The Investigation of the Pharmacokinetics of Pulsatile-Release Salbutamol Sulfate with pH-Sensitive Ion Exchange Resin as the Carriers in Beagle Dogs

• Published in: Chemical & pharmaceutical bulletin Vol. 55; no. 3; pp. 480 - 481
• Main Authors: Liu, Hongfei, Sun, Tianhui, Yu, Feiqian, Zhao, Xin, Guo, Hong, Pan, Weisan
• Format: Journal Article
• Language: English
• Published: Japan The Pharmaceutical Society of Japan 01.03.2007; Japan Science and Technology Agency
• Subjects: Administration, Oral; Albuterol - administration & dosage; Albuterol - blood; Albuterol - pharmacokinetics; Animals; Area Under Curve; Delayed-Action Preparations; Dogs; Drug Carriers - chemistry; Hydrogen-Ion Concentration; in vivo; ion exchange resin; Ion Exchange Resins - chemistry; pH-sensitive; pharmacokinetics; pulsatile release; salbutamol sulfate
• ISSN: 0009-2363; 1347-5223
• DOI: 10.1248/cpb.55.480

We previously reported the preparation of the salbutamol sulfate pulsatile-release capsules with the pH-sensitive ion exchange resin as the carriers.
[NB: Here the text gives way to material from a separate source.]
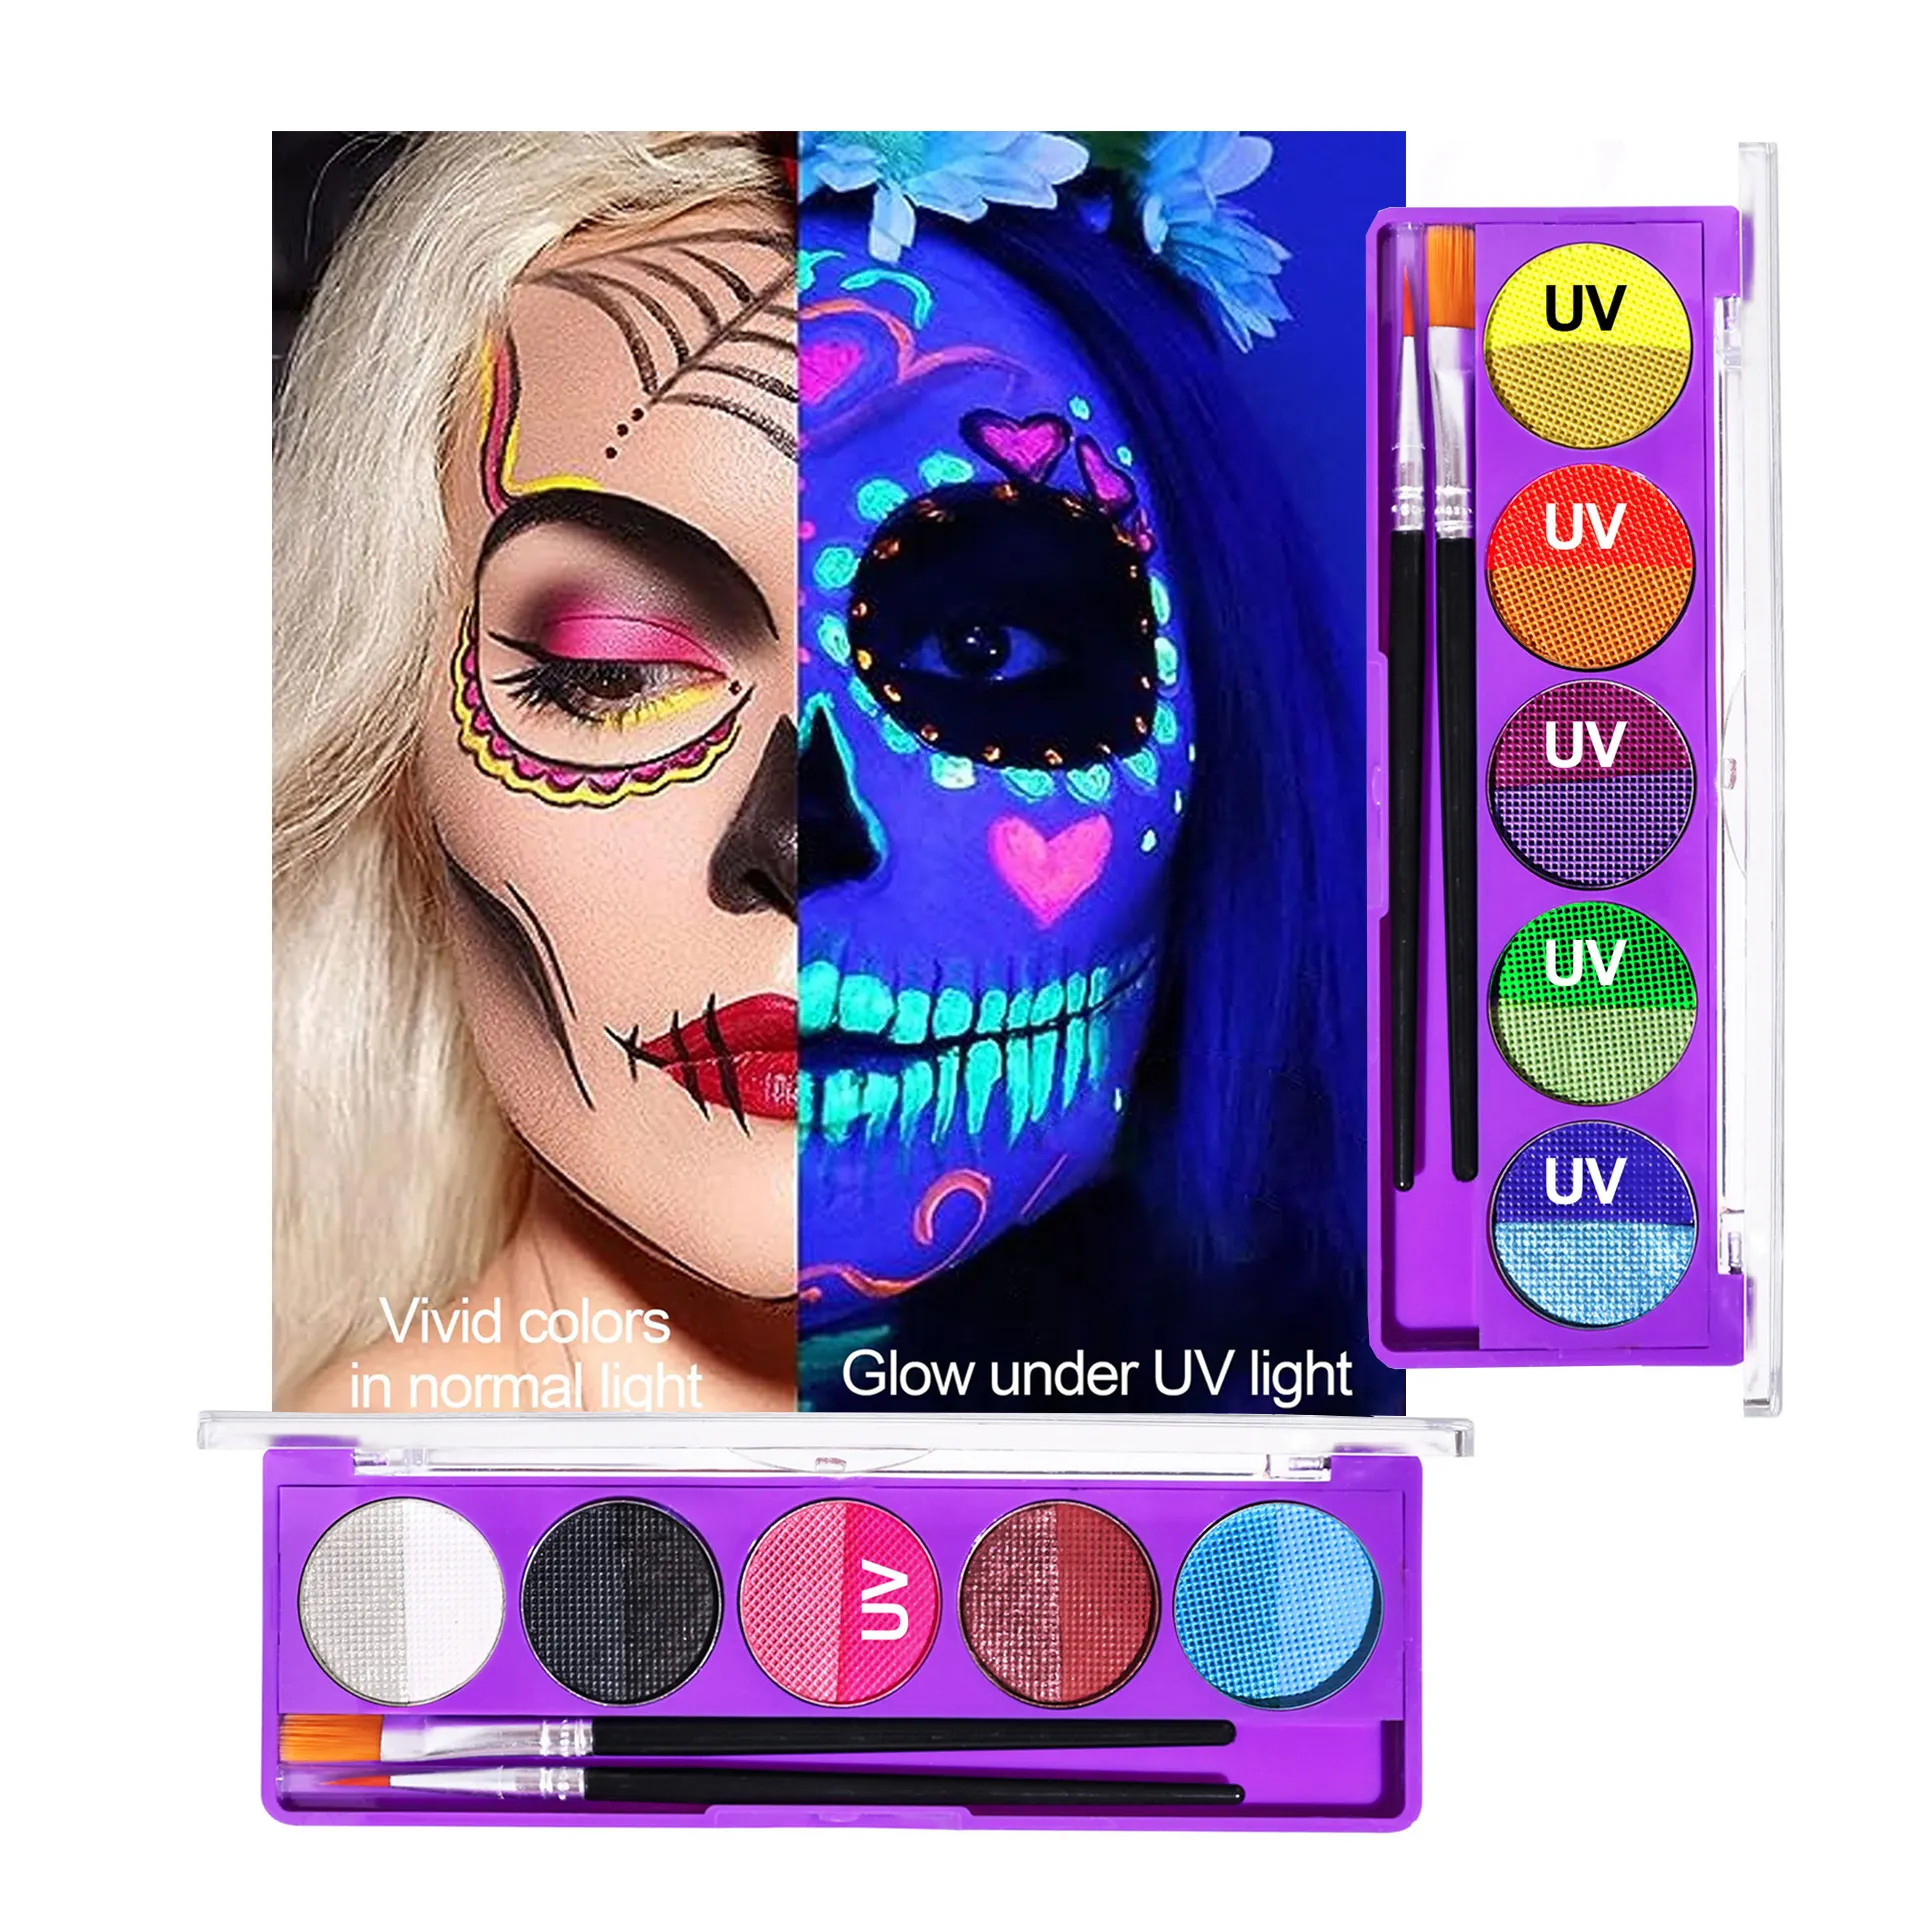 Art Makeup Körperfarbe Palette Kit Glow In The Dark Helles Set Neon/UV/Fluor zierende Creme Halloween Wasser basierte Gesichts bemalung Set
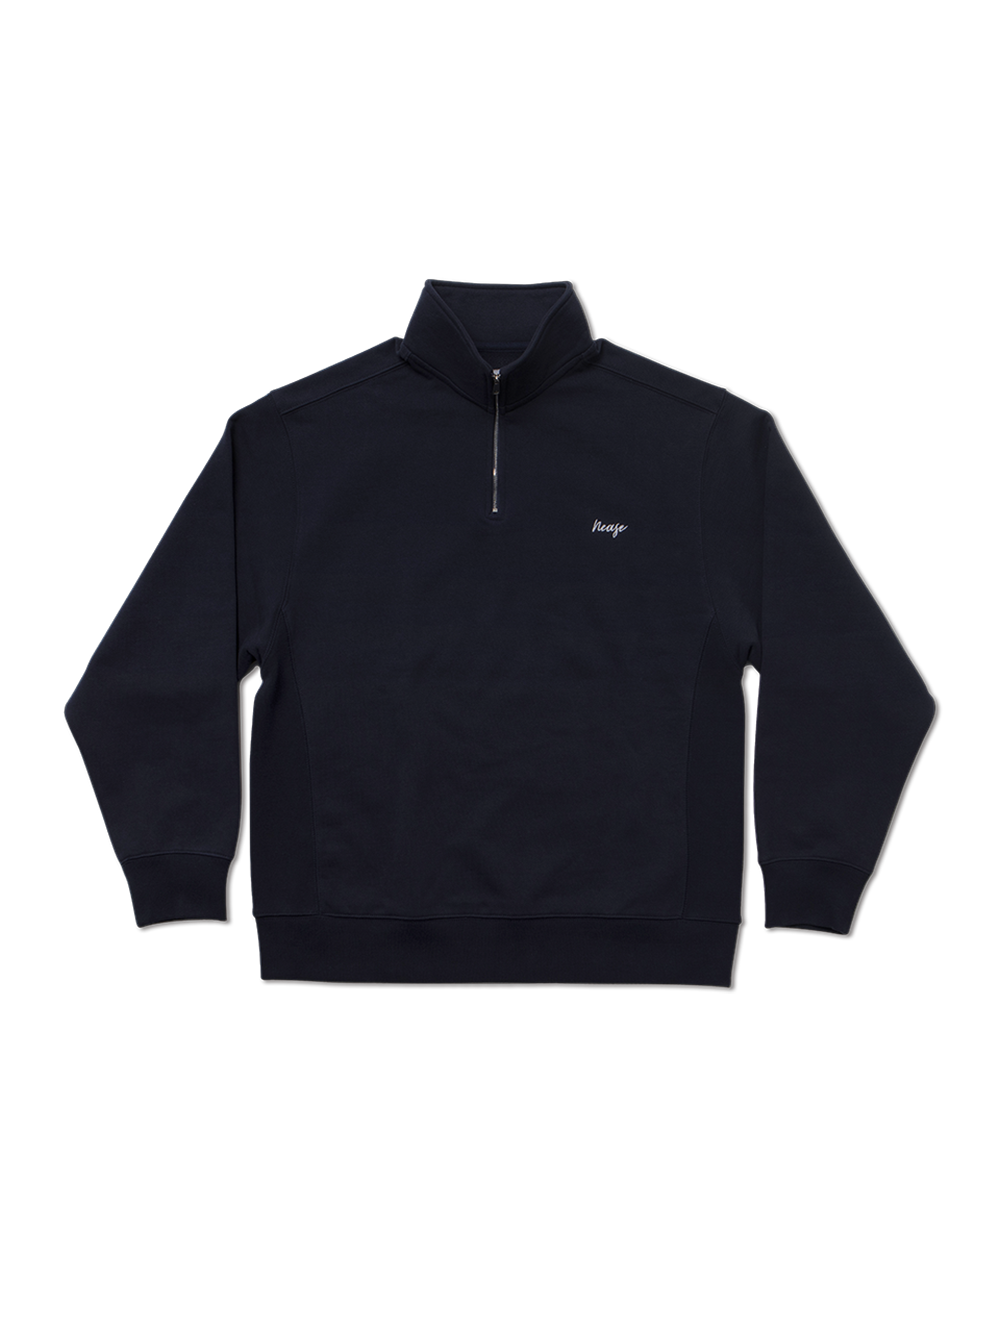 NEASE basic logo half-zip sweatshirt

In the present study, we investigated the pharmacokinetics of the salbutamol sulfate pulsatile-release capsules in beagle dogs. The analysis method was established for the drugs in vivo by HPLC method. The pharmacokinetics parameters of pulsatile-release salbutamol sulfate and reference tablet were AUC0—24 (ng·h/ml) 1031.8±123.1, 1112.6±118.24, Cmax (ng/ml) 172.4±21.4, 179.3±26.1, Tmax (h) 3.8±0.6, 1.5±0.5, Tlag (h) 2.7±0.5, 0.3±0.2. The results showed that the test dosage forms was bioequivalent with reference dosage form, and had an obviously pulsatile-release effect.